Turnover rents may disappear with growing internet sales as a landlord cannot claw back such sales in practice.

And what happens to franchising where the internet accounts for a large proportion of sales in the High Street?

We see large brand retailers cutting back on allowing franchisers to open more shops so as to not compete against the company’s own internet sales. Refunds from the internet into the same brands High Street shops, which may be owned by a franchisee rather than the franchisor, will cause too many problems for franchised stores.

Franchising will remain strong in such sectors as food to hairdressing.

Internet access will have to trade alongside the High Street shop with all stores having ipads or the equivalent to show customers what can be bought and offer a “click and collect service” to the High Street shop-otherwise High Street shops that don’t have this facility will fail. Prices will have to harmonise between the Internet and High Street otherwise this will not work.

There will be a continued fall in High Street shops in dry cleaning, games, off licences and mid-market fashion without a strong brand presence, along with multi brand stores like Sting on Regent Street which is to a local fashion retailer selling multi brands labels, as success is very much related only now to well promoted brands now in the UK.

Town centres will have to adapt to fight the mega shopping scheme competition as will the too many “cloned town centres” we have in the UK, being copies of an adjoining town centre with all the same retailers. Shopping Centres will have to adapt to the local needs and ethnic mixes.

Outlet shopping will also have to be more focused on up market brands and move away from a “bargain basement” image. Polo Ralph Loren for example, has more outlets than shops and stock now is often this seasons older stock, rather than last years.

Outlet centres, to survive, will have to become destinations in their own right, not just dumping grounds for old stock for mid to low end retailers.
And of some of the retailers we think should be watched Hamleys should prosper under French ownership as they have a unique product and more style than Toys R US where many of the latter’s goods can be bought on the internet.

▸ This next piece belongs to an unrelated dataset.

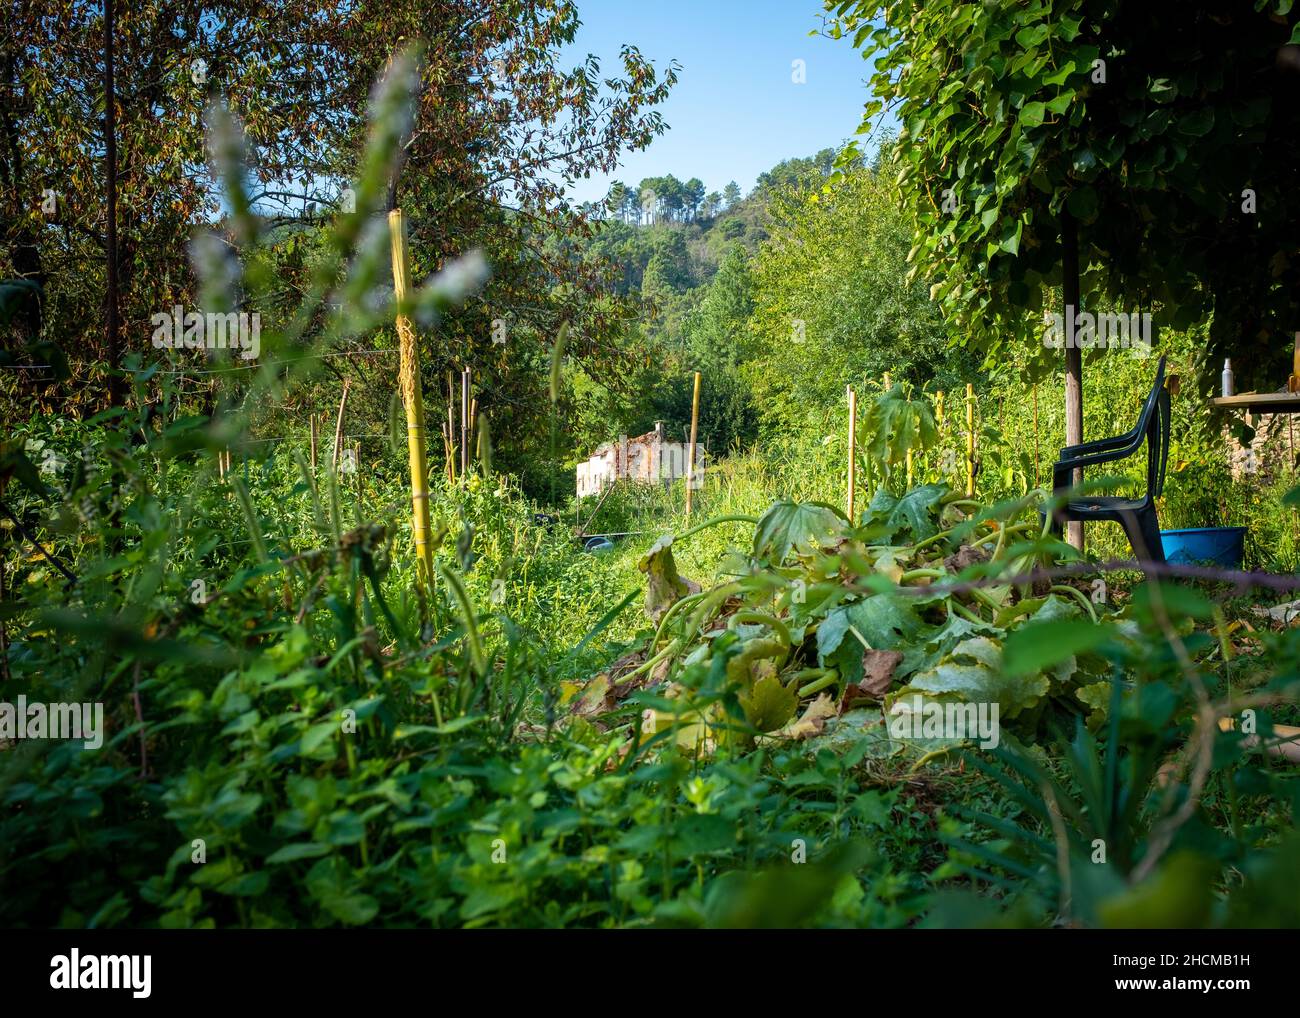 Huerto orgánico situado en el Cevennes (sur de Francia), tomado en una mañana de verano soleada sin gente Foto de stock
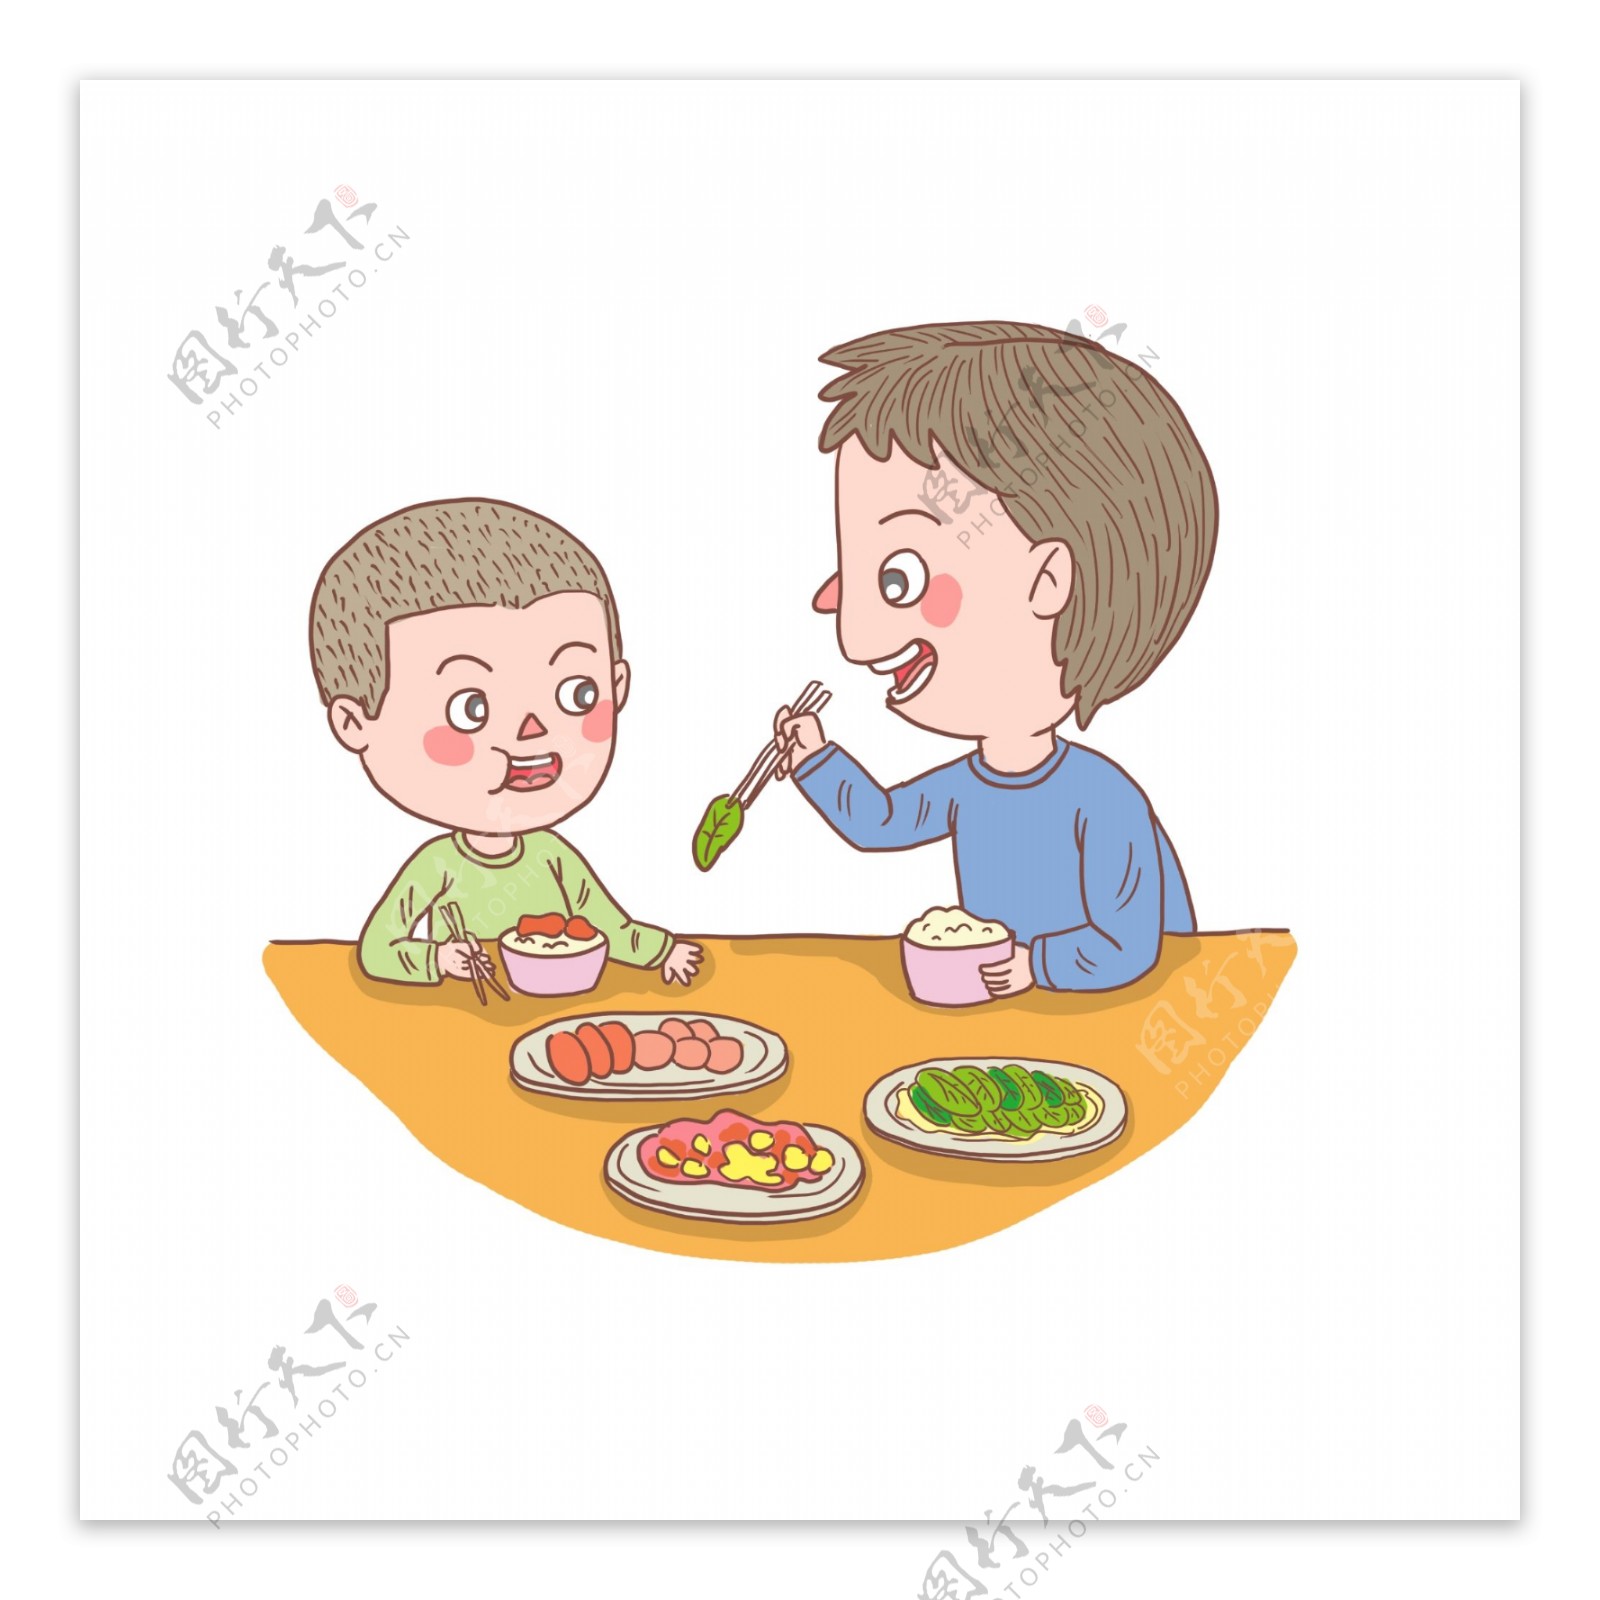 卡通手绘人物父亲和儿子吃饭

As such we see little future for the latter.

Companies we see a disappointing future for are Jaeger and Aquascutum as revived by the new owners, unless they reinvent themselves and Holland and Barratt as how do they retain their market share against supermarket competition?

Bang & Olufsen probably will not survive against the internet and have just announced anyway 125 shop closures in Europe. We see little future for value jewellery brands like the Signet Group and their High Street brands such as H Samuel as their shops look dated and the product is too expensive for the value market.

Cycles and all products associated with them will continue to boom post the Olympics though by contrast.

Food competition will continue to grow in a small store concept in town lead by all the supermarket brands, as will coffee shops and fast food both in town and in drive thrus, as we all eat out more.